NEW YORK (TheStreet) -- United Technologies (UTX) - Get Report reported earnings for second quarter 2016 before today's open with adjusted earnings per share of $1.82, beating Wall Street expectations of $1.68 per share.
CEO Gregory Hayes believes the company is receiving a boost from its new engine, despite a slow global environment.
"Pratt & Whitney had 4% organic growth, our aerospace systems business had 2% growth. The commercial side was really hurt by slow growth in China where we saw orders for new equipment down about 14%," Hayes said on CNBC's "Squawk on the Street."
The Pratt & Whitney geared turbofan engine has 8200 orders, up from about 1000 year-to-date, and Hayes says that is because "operators love the engine."
"It's got 16% better fuel burn, 50% lower emissions, 75% lower noise," Hayes noted: "It's got a great future and we made a big bet, $10 billion to develop it, but it's going to pay off now."
Additionally, Hayes commented on the need to promote free trade in the United States' political and corporate environments.
"We export about $10 billion a year, primarily on the aerospace side, and that $10 billion of sales is 40,000 of the highest paying jobs in corporate America," Hayes said.

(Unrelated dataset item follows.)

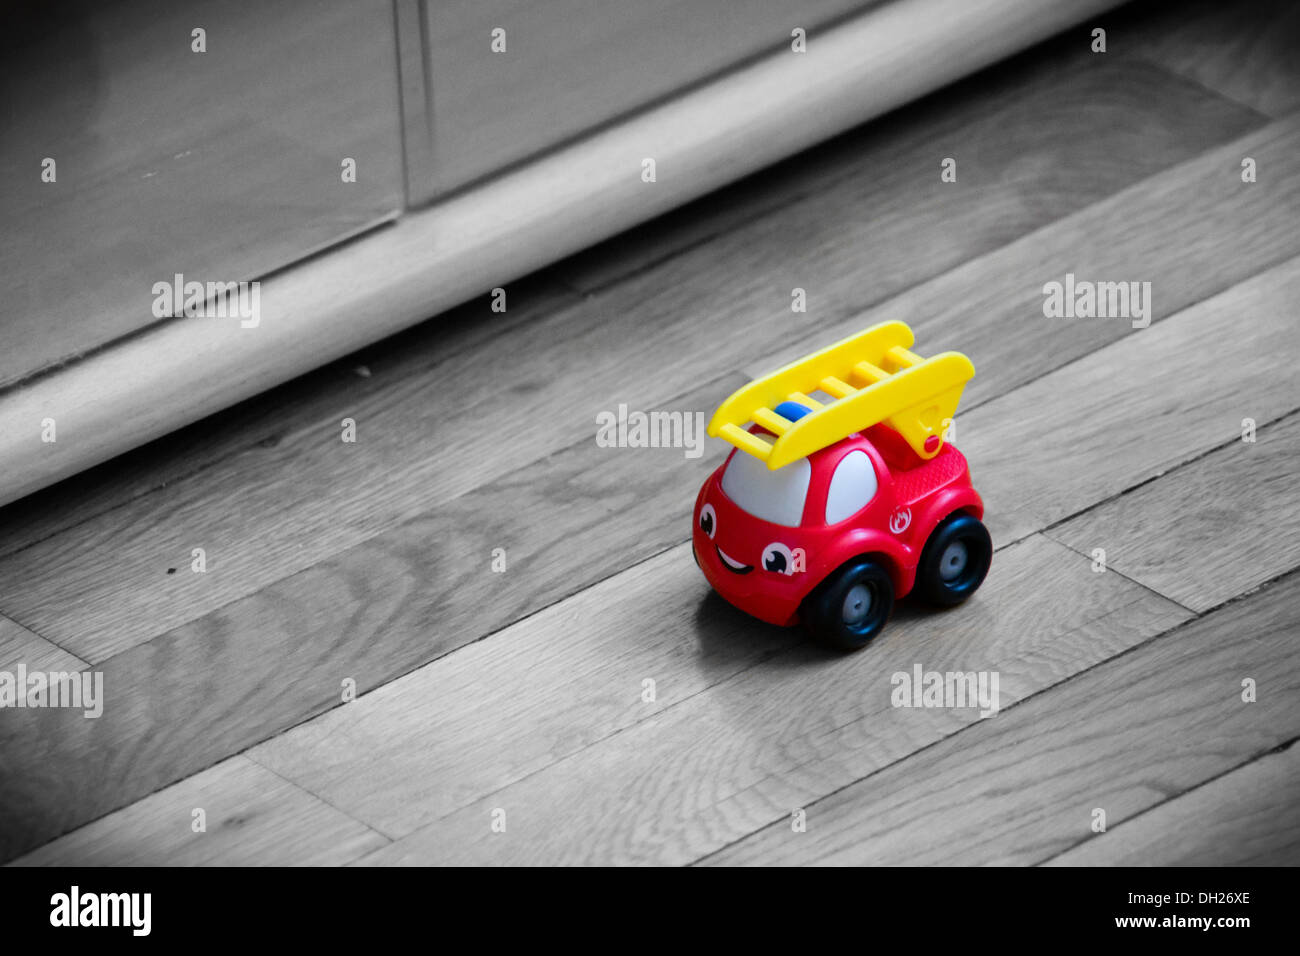 A fire truck toy, on a black and white background Stock Photo

With talk in the political sphere about "trade barriers and tearing up trade agreements," Hayes says to "think about the impact that would have to some of the best jobs."
"We're focused on what we can control, but at the end of the day we're going to do the right thing for the business long-term," Hayes added.
Shares of United Technologies are up 2.54% to $107.31 in early afternoon trading today.
Separately, TheStreet Ratings team rates United Technologies as a "buy" with a ratings score of B.
This is driven by a few notable strengths, which TheStreet Ratings team believes should have a greater impact than any weaknesses, and should give investors a better performance opportunity than most stocks TheStreet Ratings covers. The company's strengths can be seen in multiple areas, such as its revenue growth, largely solid financial position with reasonable debt levels by most measures and solid stock price performance. TheStreet Ratings feels its strengths outweigh the fact that the company has had sub par growth in net income.
Recently, TheStreet Ratings objectively rated this stock according to its "risk-adjusted" total return prospect over a 12-month investment horizon. Not based on the news in any given day, the rating may differ from Jim Cramer's view or that of this articles's author.